Un esempio concreto arriva dalla razza ovina Rambouillet negli Stati Uniti. Gli autori dicono chiaramente che la selezione genomica, per quella razza, è ancora agli inizi. Eppure, anche con numeri non giganteschi, hanno mostrato che usare i genotipi (chip) insieme ai dati disponibili porta a indici almeno altrettanto affidabili di quelli basati solo su pedigree, e spesso più stabili (cioè meno estremi e meno distorti). Nel loro studio avevano circa 740 animali genotipizzati e qualche migliaio di misure per un carattere semplice come il peso a un anno: non un sistema perfetto, ma abbastanza per far vedere la direzione.

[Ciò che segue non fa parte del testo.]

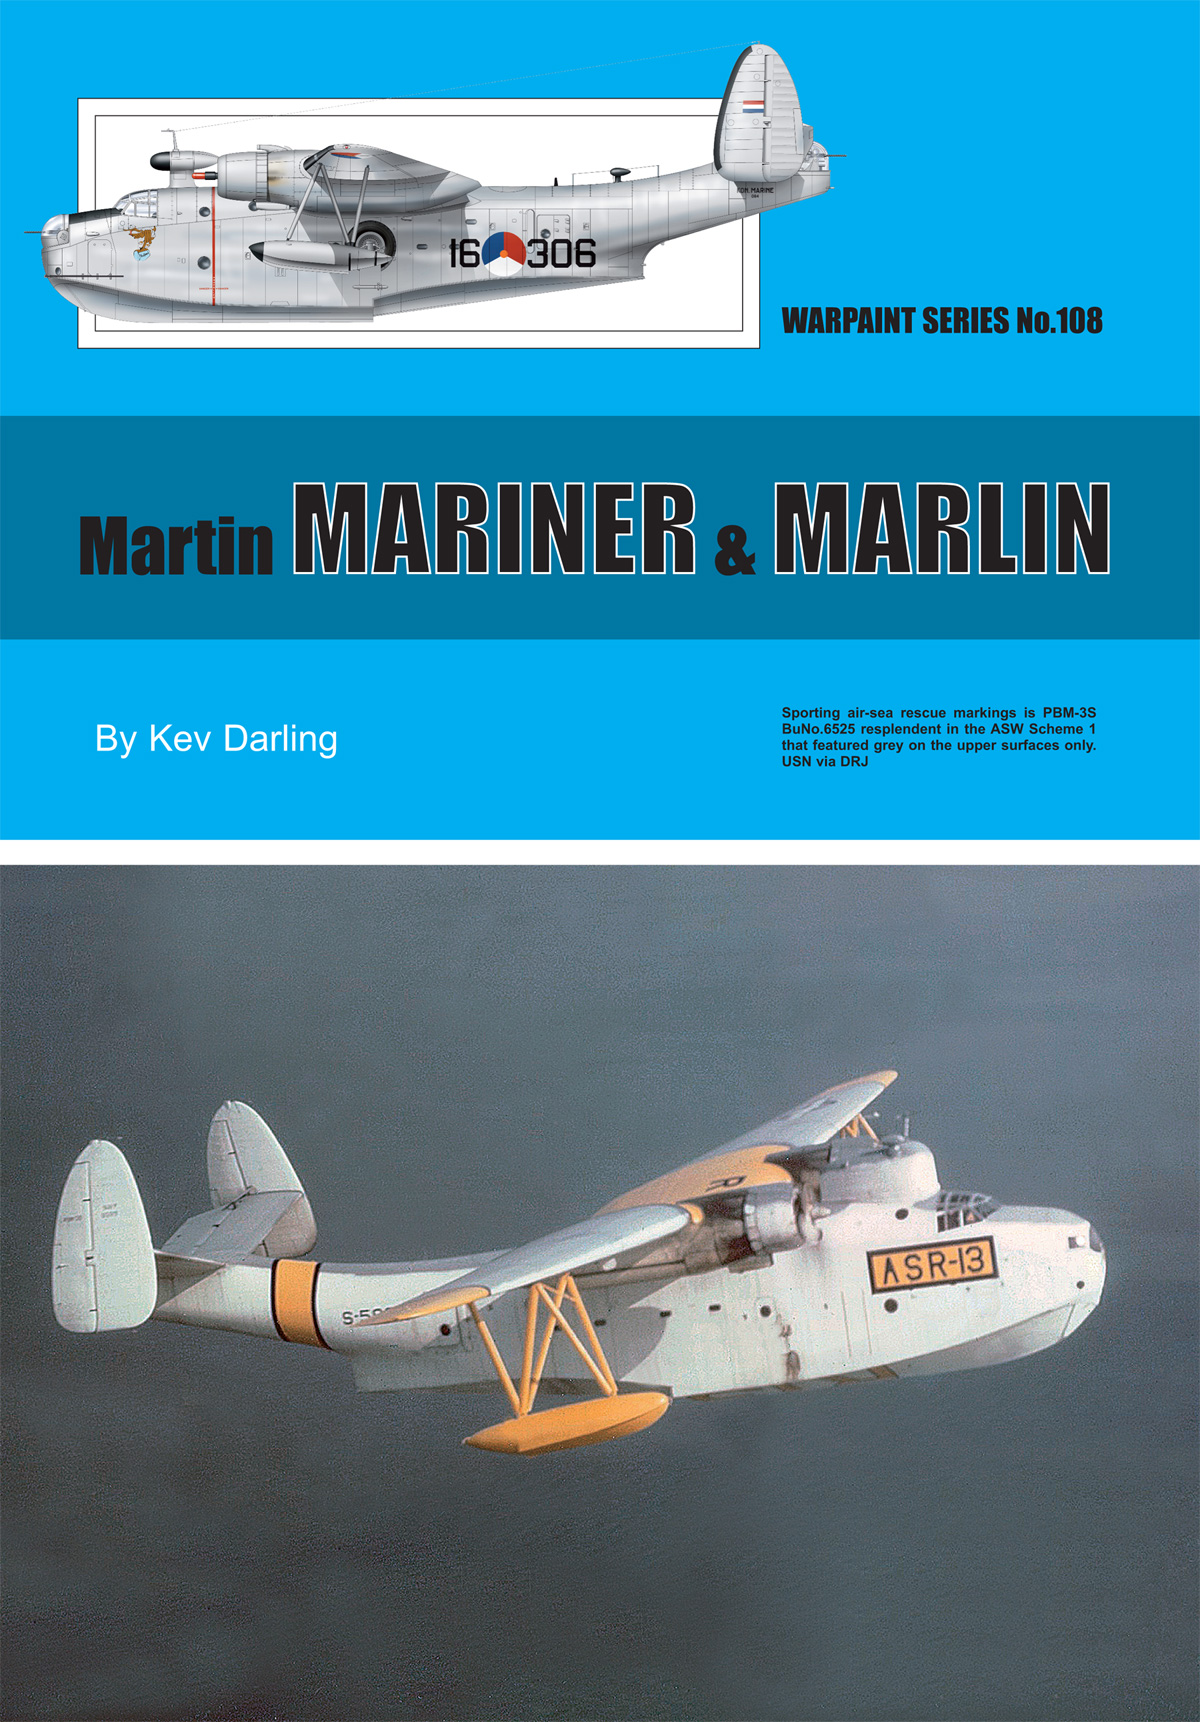 Guideline Publications Ltd No.108 Martin Mariner & Marlin No.108  in the Warpaint series

Questo è esattamente lo scenario di tante razze locali: pochi fenotipi, numeri contenuti, aziende frammentate. La lezione è chiara: la genomica non ti “regala” la selezione, ma ti permette di iniziare in modo più sensato, mentre costruisci anno dopo anno una banca dati fenotipica migliore.
E il punto finale, che vale come regola generale, è semplice: nelle popolazioni piccole il collo di bottiglia non è la tecnologia, è il numero di animali con fenotipo. Non a caso, lavori sulle small breeds insistono che la limitazione principale per fare vera selezione genomica è proprio la scarsità di animali misurati; quindi, la strategia migliore è partire con la genomica e in parallelo rendere più regolare (anche su pochi tratti chiave) la raccolta dei fenotipi.
Conclusioni
Alla fine, è tutto qui: se il pedigree è la mappa, il DNA è la bussola. I microsatelliti restano utili per casi singoli e urgenze, ma quando i numeri crescono (o quando i registri hanno buchi) gli SNP e i chip diventano la strada più solida: standardizzano, automatizzano e soprattutto aprono la porta alla valutazione genomica (GBLUP/ssGBLUP). Nelle razze piccole non è “tecnologia da ricchi”: è spesso l’unico modo realistico per partire bene, evitare errori costosi e costruire, anno dopo anno, una selezione che stia in piedi.